**GIVEN DATA**

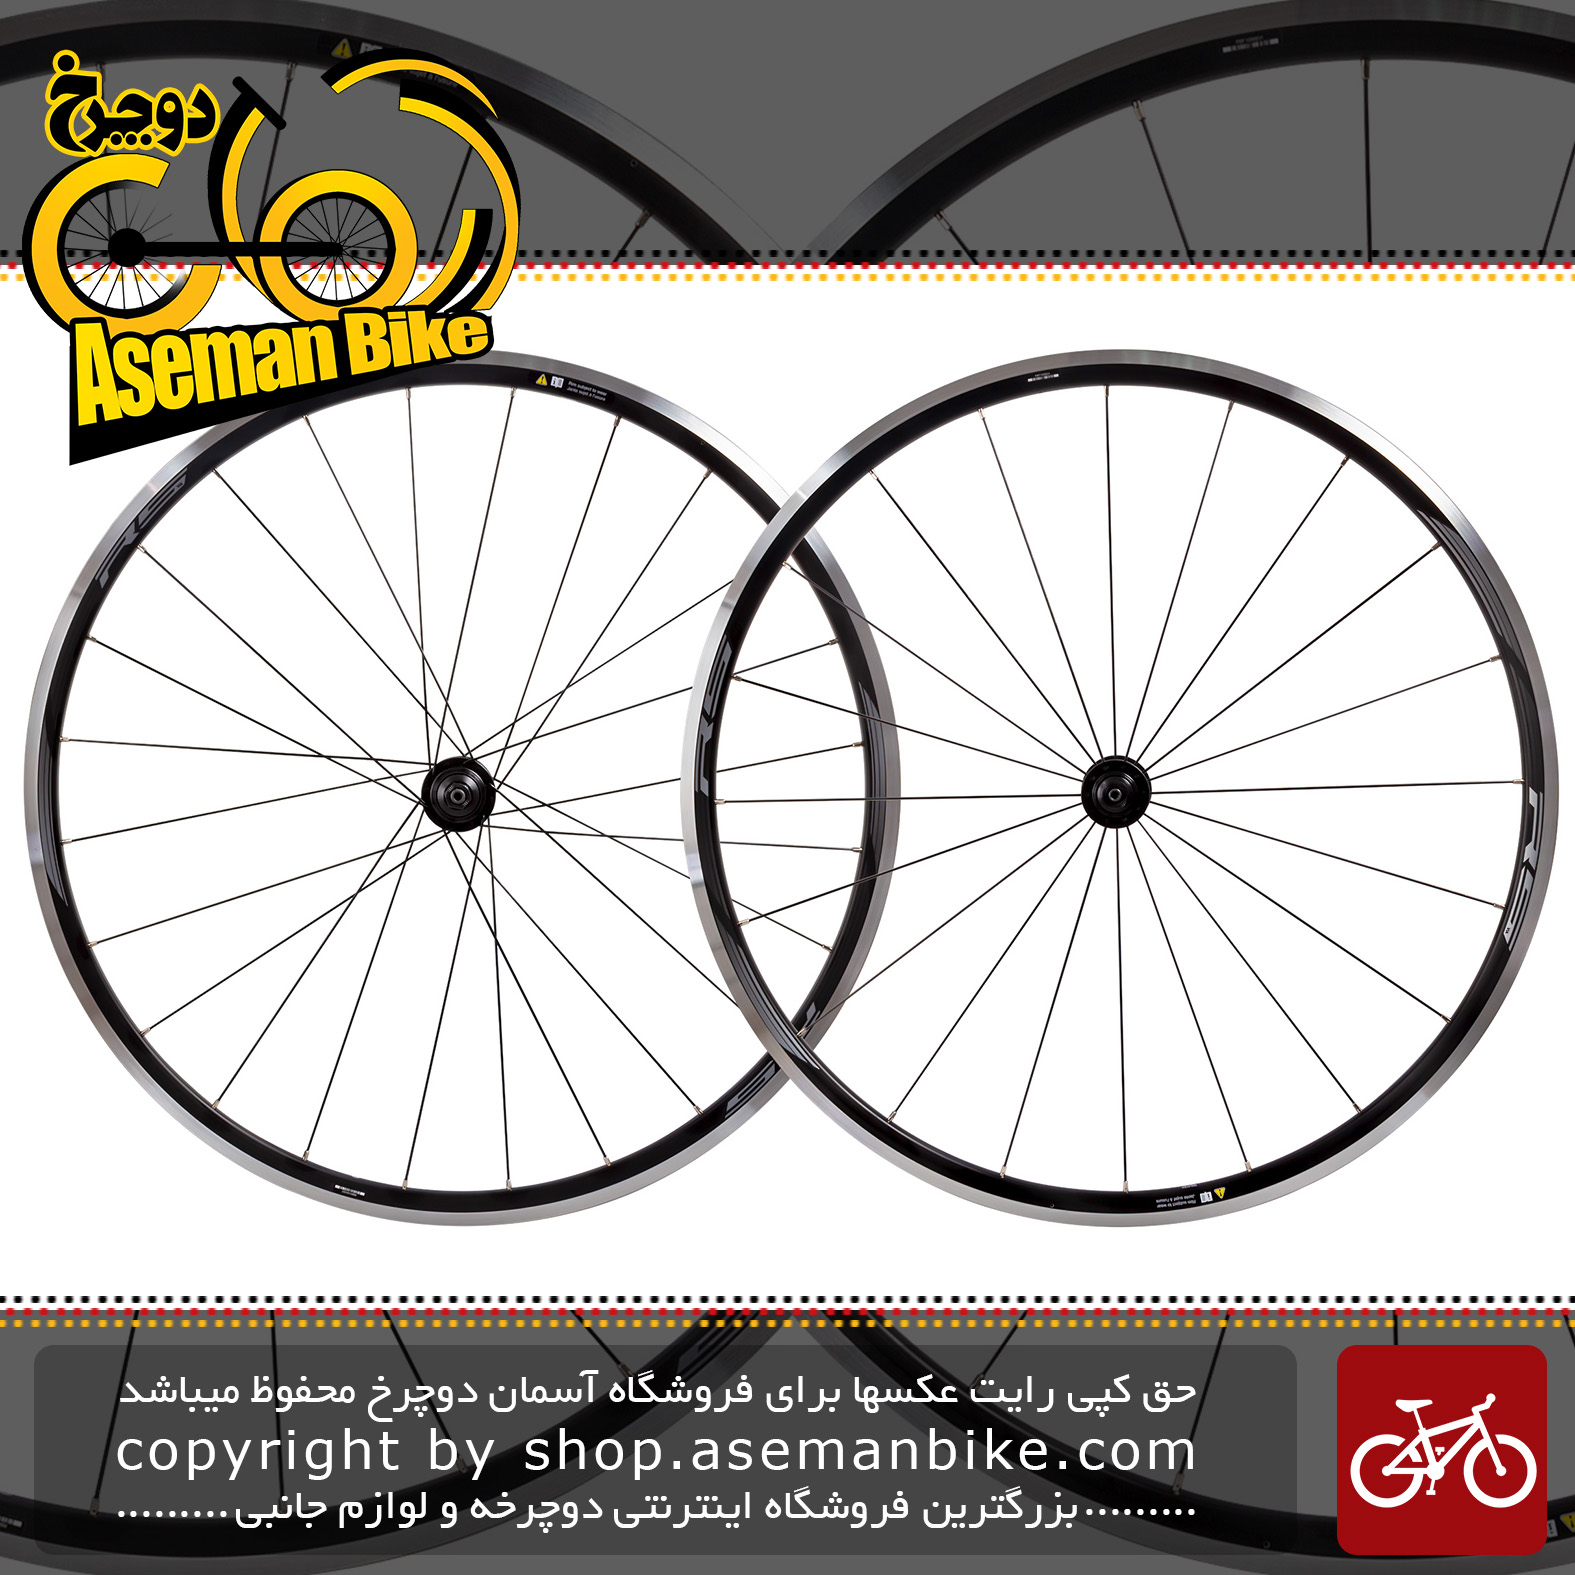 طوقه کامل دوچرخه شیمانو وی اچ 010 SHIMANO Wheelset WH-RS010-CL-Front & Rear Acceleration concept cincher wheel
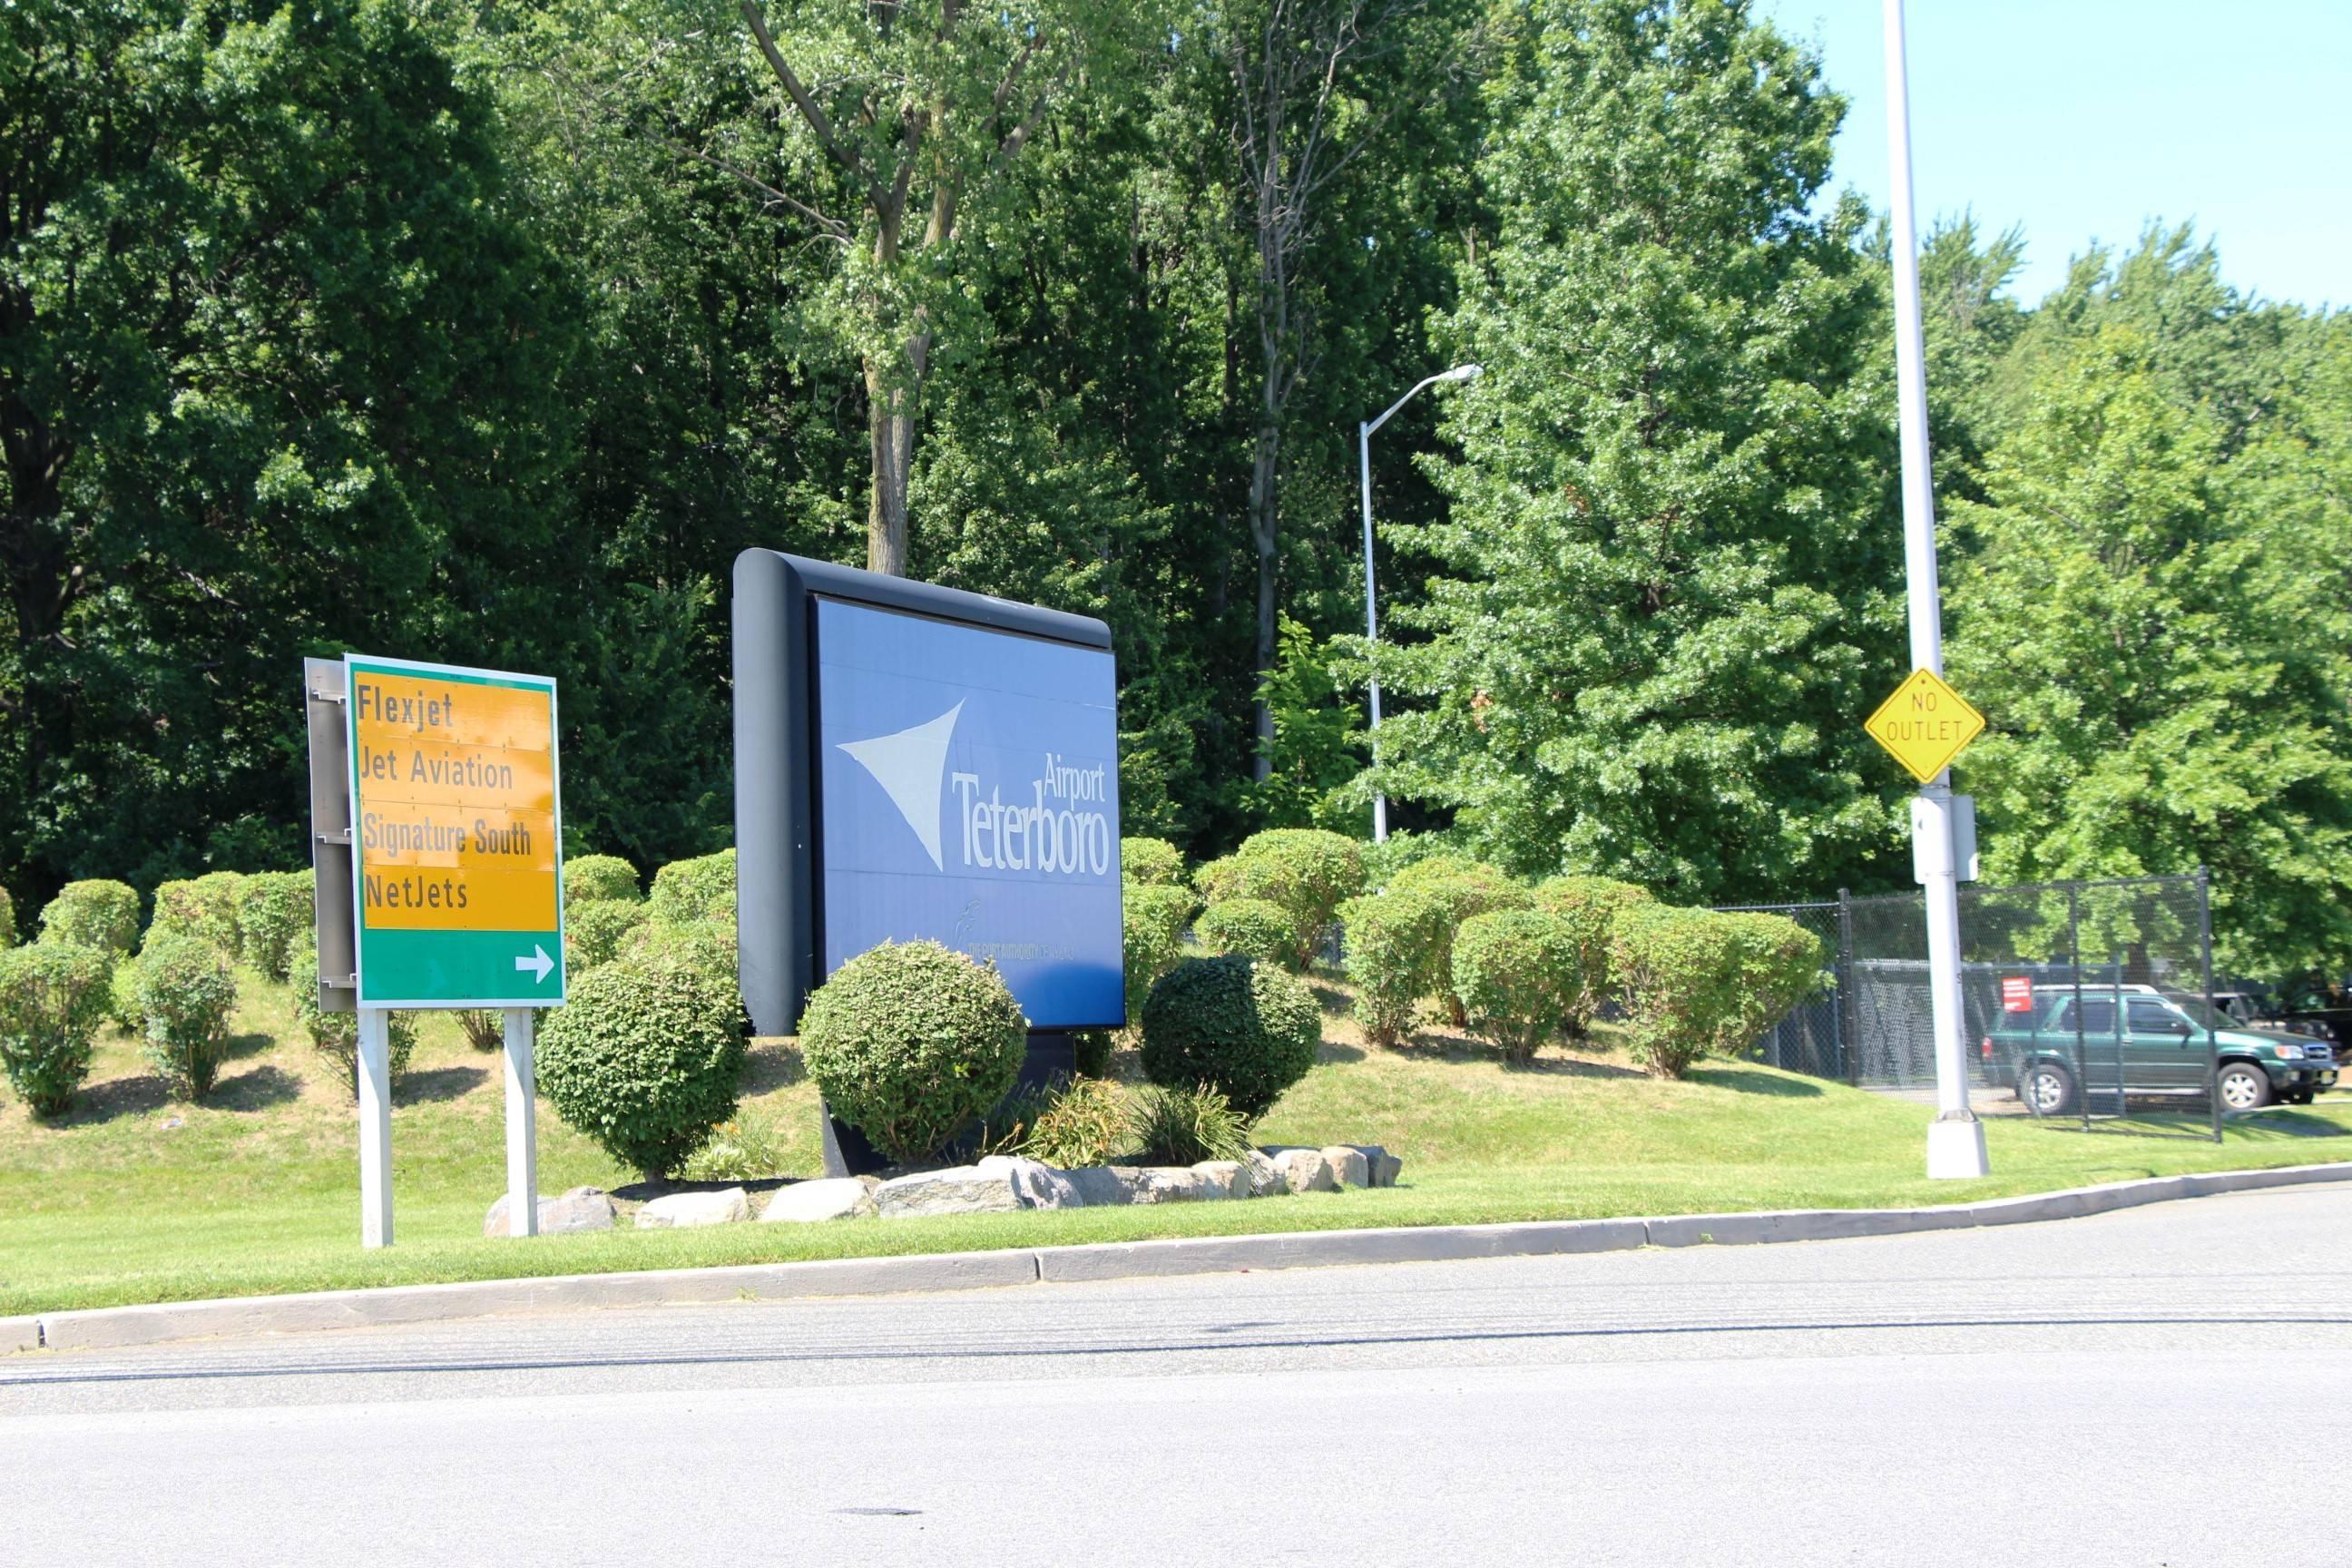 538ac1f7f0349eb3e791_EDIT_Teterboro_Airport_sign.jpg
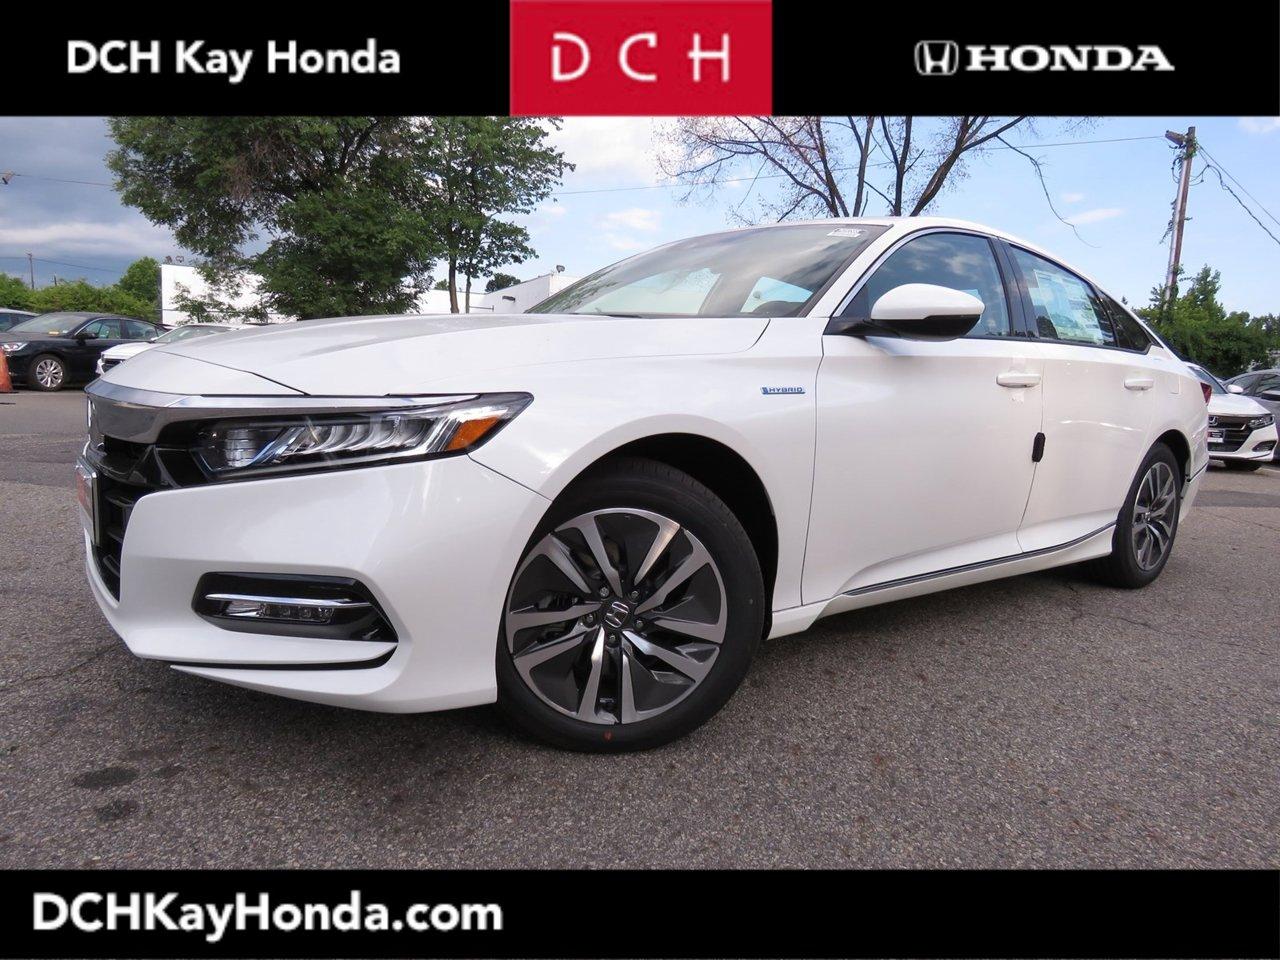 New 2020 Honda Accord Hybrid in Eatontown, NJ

**WORK TASK**
Only the lines from the one that holds "538ac1f7f0349eb3e791_EDIT_Teterboro_Airport_sign.jpg" through the final line of the material should be reproduced, word for word, with the pictures omitted.

**EXPECTED OUTPUT**
 538ac1f7f0349eb3e791_EDIT_Teterboro_Airport_sign.jpg
 New 2020 Honda Accord Hybrid in Eatontown, NJ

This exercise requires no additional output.